ECMAScript 6 introduces generators, iterators and syntax sugar for iteration. Node.JS v0.11.4 with the flags
--harmony --use_strict --harmony_generators
understands the following generator
function* fibonacci() {
let previous = 0;
let current = 1;
while(true) {
let temp = previous;
previous = current;
yield current = temp + current;
}
}
I can then print the Fibonacci numbers less than 1000.
for(let value of fibonacci()) {
if(value > 1000) { break; }
console.log(value);
}
For this example a while loop instead of a for loop would be more natural, similar to
while(value of fibonacci() < 1000) {
console.log(value);
}
Can iteration of iterators be done with a while loop instead of a for loop?
You can call a generator step by step using next function
var sequence = fibonacci();
var value;
while ((value = sequence.next()) < 1000) {
console.log(value);
}
plus, maybe even a nicer solution would be something like:
function* fibonacci(limit){
let previous = 0;
let current = 1;
while(previous + current < limit) {
let temp = previous;
previous = current;
yield current = temp + current;
}
}
for(let value of fibonacci(1000)) {
console.log(value);
}
There are two possible ways I'd go on about this, given other languages that support this behavior:
1) One using Harmony proxies, which would let you doing meta-tables (kind of like in lua) and allow for lazy iterables. This would provide fhe following notation:
var arr = ...; // create the resource
for(var i=0;arr[i]<1000;i++){
arr[i]; // consume fibonacci numbers
}
2) The second using a take function letting you consume an iterable with .forEach like in C# or python. Which would allow the following notation:
takeWhile(fibGenerator,(item) => item<1000).forEach(... // consume with predicate
First approach - using harmony proxies
Note... for of loops through objects. It does not guarantee order at all. You can however do something like the following to get the notion of a lazy iterate.

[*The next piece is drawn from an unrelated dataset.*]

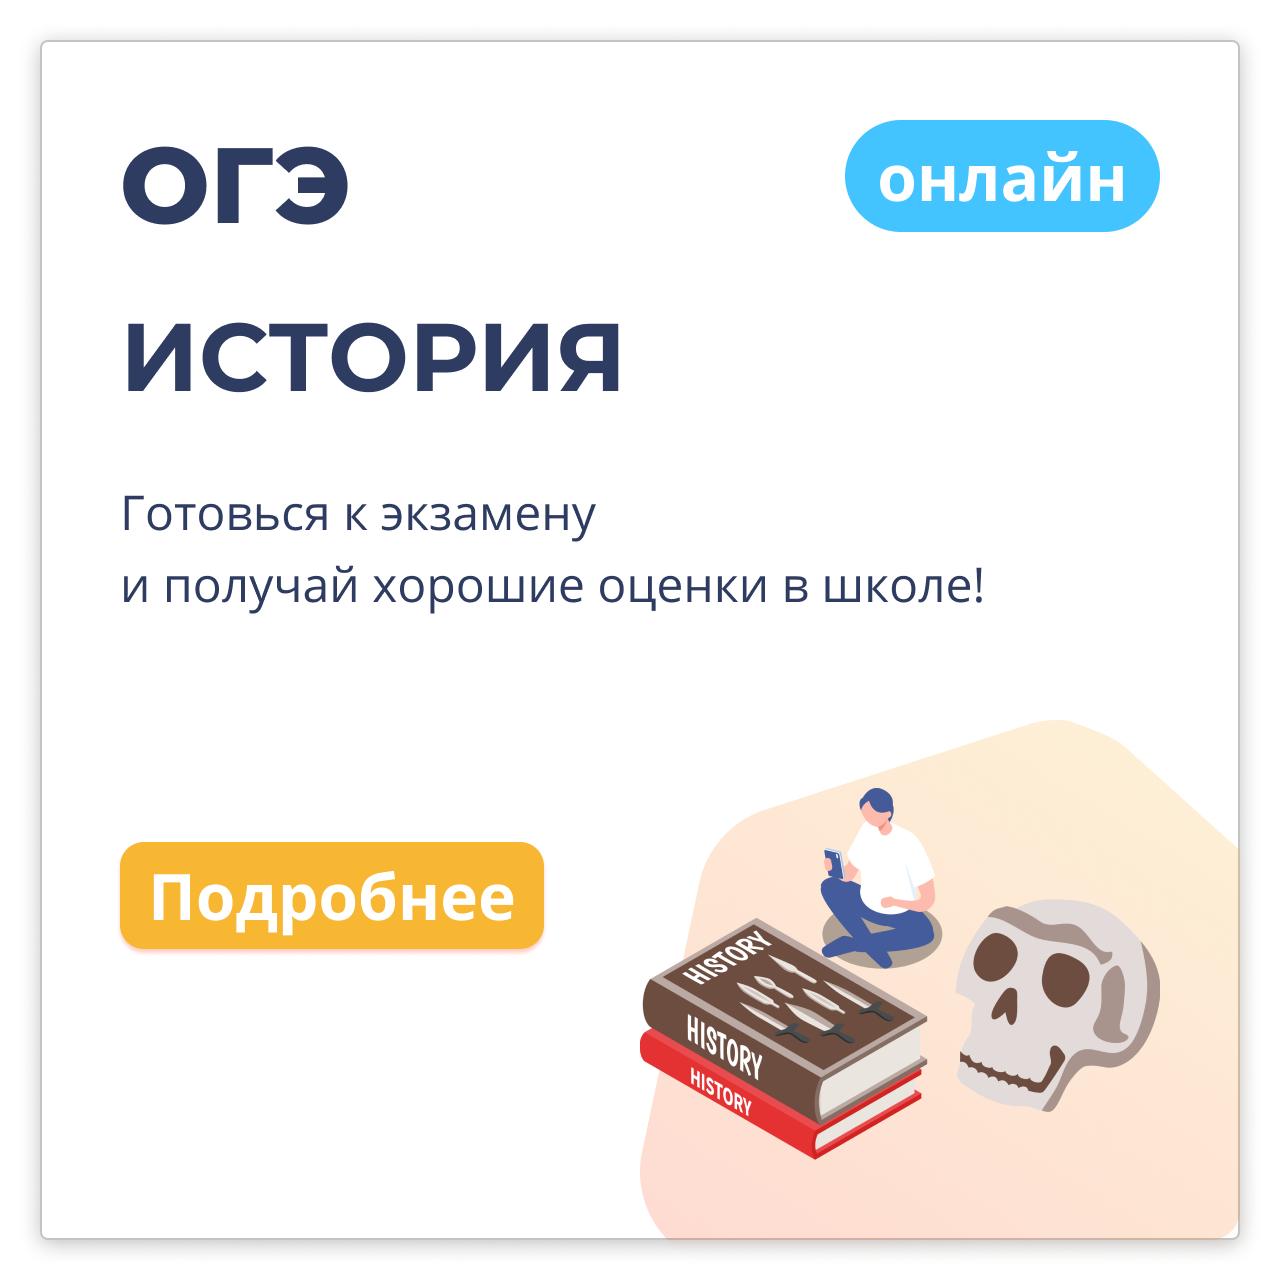 История ОГЭ Онлайн группа

You have to run node both with the --harmony_generators and --harmony_proxies flags:
var arr = ...; // create an array and proxy it, use a generator internally
arr[50]; // will calculate the 50th fibonacci element and return it.
arr[100];// will calculate the 100th fibonacci element and return it.

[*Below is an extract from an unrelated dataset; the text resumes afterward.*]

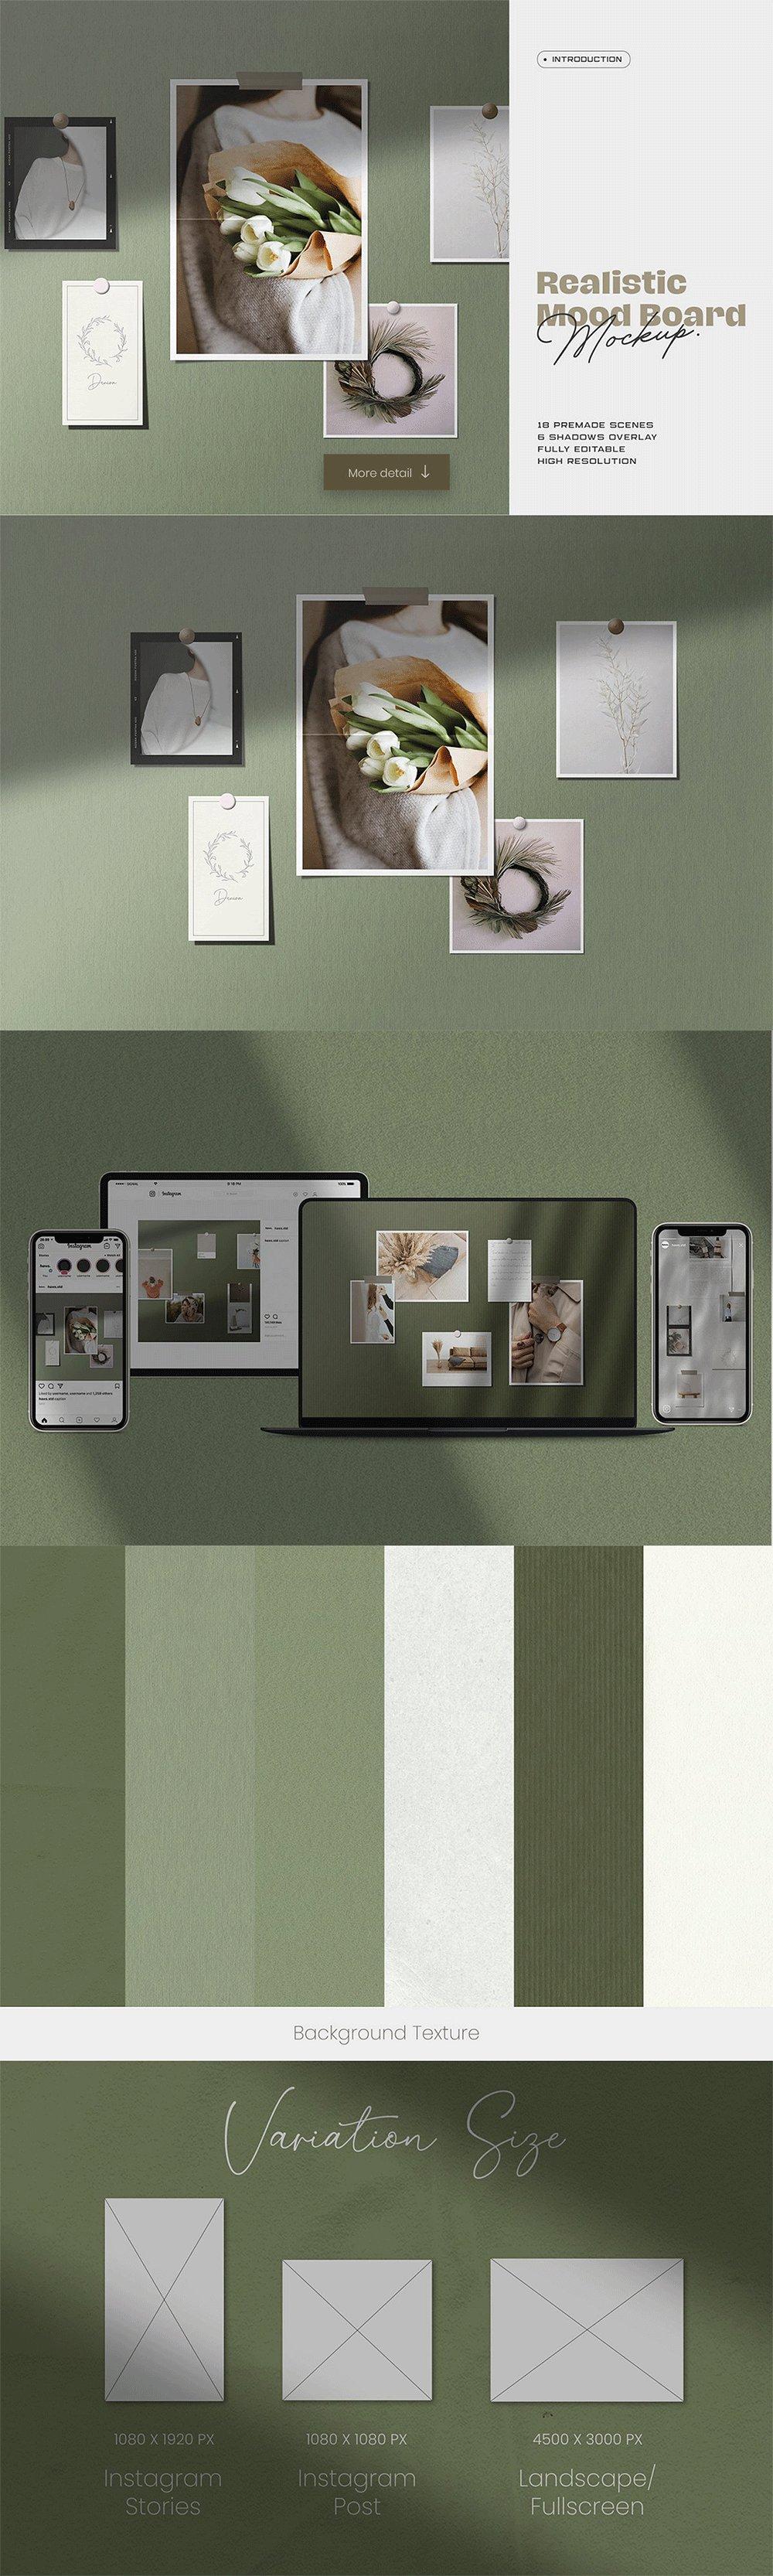 [淘宝购买] 10套文艺情绪板摄影相片卡片拼贴设计PSD源文件 Bundle Moodboard Mockup V2插图(5)

for(var i=0;arr[i]<1000;i++){
arr[i];//the i-th fibonacci number
}
It will only calculate numbers not fetched yet, this will allow you to use a simple for loop.
Here is how*:
var cache = [];
var handler = {
get: (function(){
function fibIterator(){
var t=0,a=0,b=0;
return function(){
t=a;
a+=b;
b=t;
return a;
}
}
var iterator = fibIterator();
return function (target, fibNumber) {
if (name in cache) {
return cache[name];
}
while(iterator < fibNumber){
// update indexes.
}
})()
}
};
var arr = Proxy.create(handler);
(Just don't expect it to be very fast)
*(using old proxy notation, since the new one isn't supported in node yet, will update once it gets support)
Side note, in JavaScript since functions can have internal state through closures, you don't even really need a generator
Second approach, using an iterator Take function.
This is what you'd normally do in languages like C# for this use case.
function takeWhile(generating, predicate){
var res = [],last;
do{
res.push(last=generating())
}while(predicate(last));
return res;
}
Then do something like
var res = takeWhile(fibIterator,function(item){
return item<1000;
});
res.forEach(function(){ ...
Or by count:
function take(generating,numToTake){
var res = [],num;
do{
res.push(last=generating())
}while(num++ < numToTake);
return res;
}
var res = take(fibIterator,1000);//first 1000 numbers
function *bar(){
yield 1;
yield 2;
yield 3;
return 4;
}
var value,
g = bar();
while((value = g.next()).value){
console.log(value);
}
//Object {value: 1, done: false}
//Object {value: 2, done: false}
//Object {value: 3, done: false}
//Object {value: 4, done: true}
Yes, it is possible to do this by using the regular generator methods.
var fib = fibonacci(), value;
while( (value = fib.next()) < 1000 ) {
console.log(value);
}
Although I seem to prefer the for...of statement which takes care of handling those next calls and dealing with StopIteration(if the sequence is finite).